We set the repository and then method that will be called for fetching books from it. Next is writing fetched books to XLSX file. All spreadsheets are kept in a Workbook, so before that we have to create one.

@Bean
public SXSSFWorkbook workbook() {
    return new SXSSFWorkbook(CHUNK);
}

We created SXSSFWorkbook and explicitly set number of stored in memory rows. Then we need to pass our Workbook to ItemWriter.

@Bean
public ItemWriter<Book> bookWriter(SXSSFWorkbook workbook) {
    return new BookWriter(workbook);
}

BookWriter is a class that creates a new spreadsheet and adds a new row for each book. Books’ properties are saved as cells in columns.

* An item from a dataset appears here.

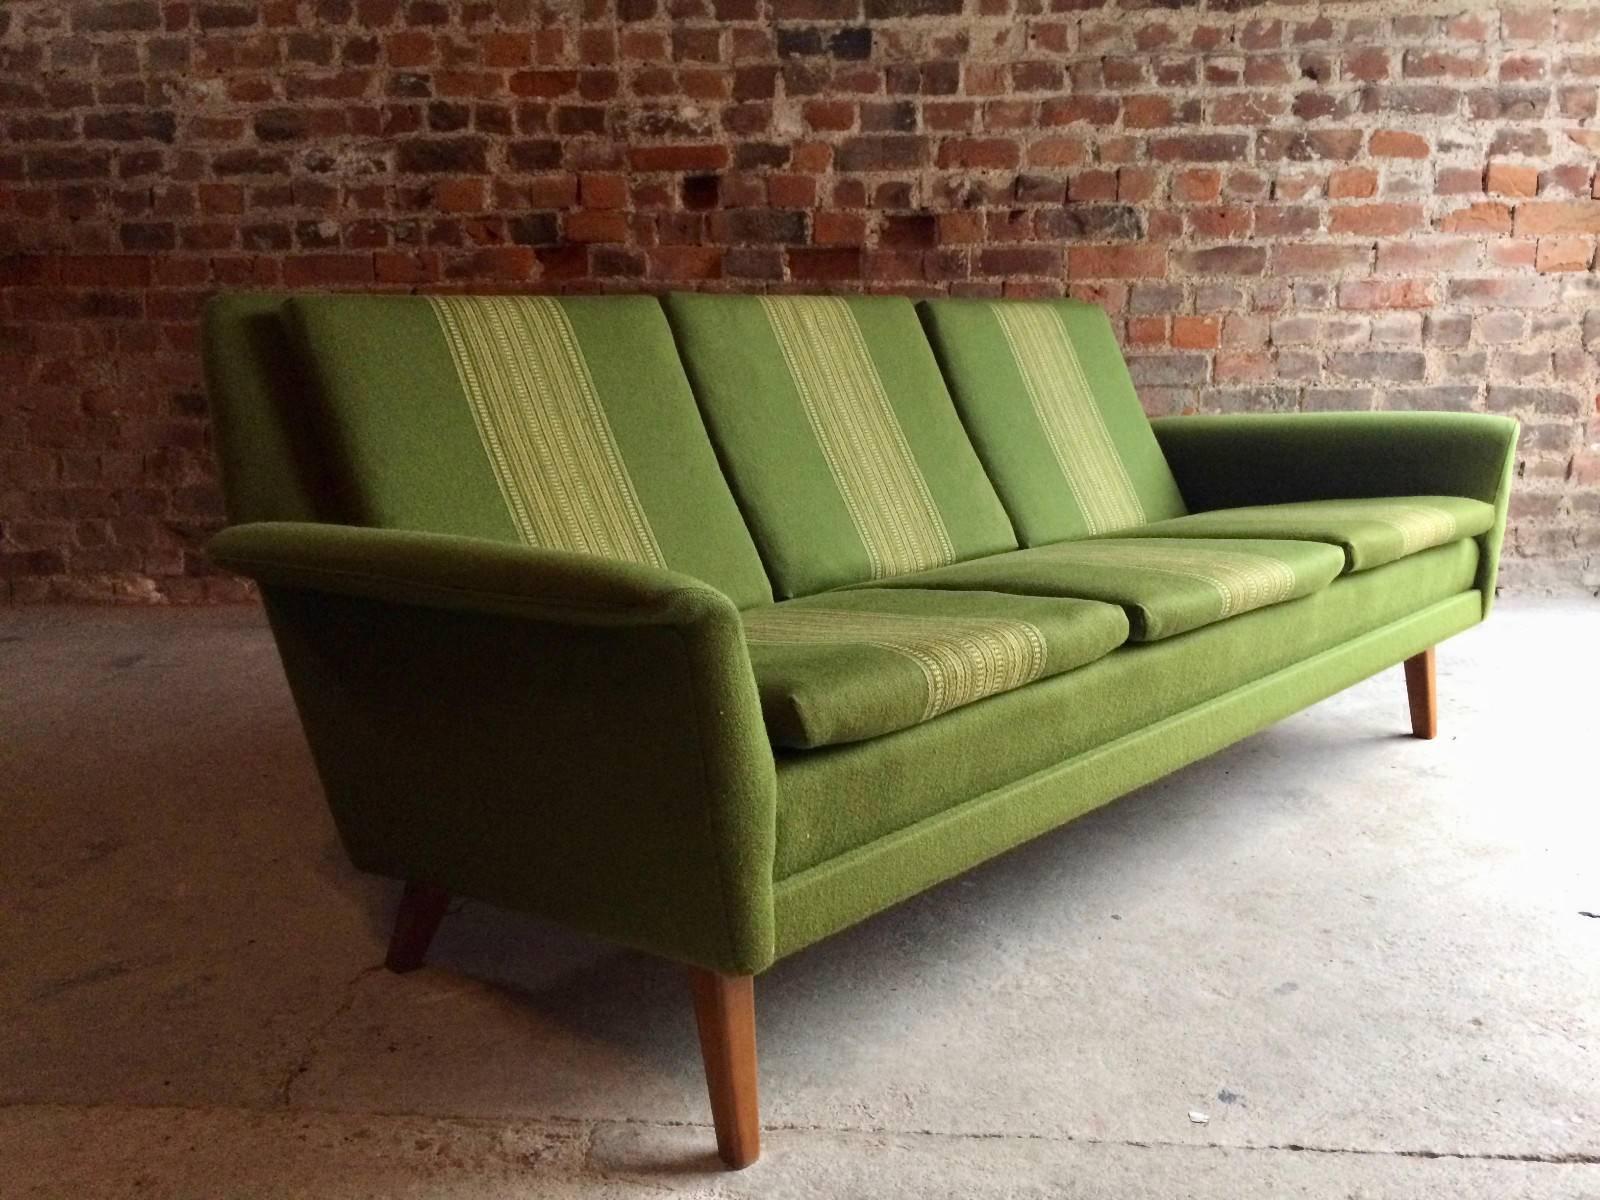 Magnificent midcentury three-seat sofa designed by Folke Ohlsson and manufactured by Fritz Hansen in the 1960s for DUX. The sofa is upholstered in its original green striped fabric and raised on tapering teak legs.

public class BookWriter implements ItemWriter<Book> {
    private final SXSSFSheet sheet;
    private Integer currentRowNumber;
    private Integer currentColumnNumber;
    private SXSSFRow row;

    BookWriter(SXSSFWorkbook workbook) {
        this.sheet = workbook.createSheet("Books");
        this.currentRowNumber = 0;
        this.currentColumnNumber = 0;
    }

    @Override
    public void write(List<? extends Book> list) {
        list.forEach(this::writeBook);
    }

    private void writeBook(Book book) {
        addRow();
        addCell(book.getId().toString());
        addCell(book.getAuthor());
        addCell(book.getTitle());
        addCell(book.getIsbn());
    }

    private void addRow() {
        row = this.sheet.createRow(currentRowNumber);
        currentRowNumber++;
        currentColumnNumber = 0;
    }

    private void addCell(String value) {
        SXSSFCell cell = row.createCell(currentColumnNumber);
        cell.setCellValue(value);
        currentColumnNumber++;
    }
}

To complete transfer of our books from a JPA repository to a XLSX file, we need to create a Job. Every Job has at least one Step to make, to call a Job completed.

@Bean
public Step step(ItemReader<Book> reader, ItemWriter<Book> writer) {
    return stepBuilderFactory.get("export")
            .<Book, Book>chunk(CHUNK)
            .reader(reader)
            .writer(writer)
            .build();
}

@Bean
public Job job(Step step, JobExecutionListener listener) {
    return jobBuilderFactory.get("exportBooksToXlsx")
            .start(step)
            .listener(listener)
            .build();
}

When a Job status changes, a JobExecutionListener is called. At the completion of the Job’s, we can save books from temporary files to a proper XLSX file using FileOutputStream and dispose created Workbook.

@Log4j
public class JobListener implements JobExecutionListener {
    private final SXSSFWorkbook workbook;
    private final FileOutputStream outputStream;

    public JobListener(SXSSFWorkbook workbook, BookRepository bookRepository) throws IOException {
        this.workbook = workbook;
        this.outputStream = new FileOutputStream("/tmp/export.xlsx");
    }

    @Override
    public void afterJob(JobExecution jobExecution) {
        BatchStatus batchStatus = jobExecution.getStatus().getBatchStatus();
        if (batchStatus.equals(BatchStatus.COMPLETED)) {
            try {
                this.workbook.write(outputStream);
                outputStream.close();
                workbook.dispose();
            } catch (IOException e) {
                log.error(e.getMessage(), e);
            }
        }
    }

    @Override
    public void beforeJob(JobExecution jobExecution) {

    }
}

Summary

Spring Batch is very elastic, and it can help you process big data chunks with any available library. This example shows how to do it with Apache POI, but you can easily changed it for your own purposes. Remember to maximize your performance with setting chunks. When the RAM memory will be exceeded, the speed of data processing will drop significantly.

Project created for this article is available on GitHub.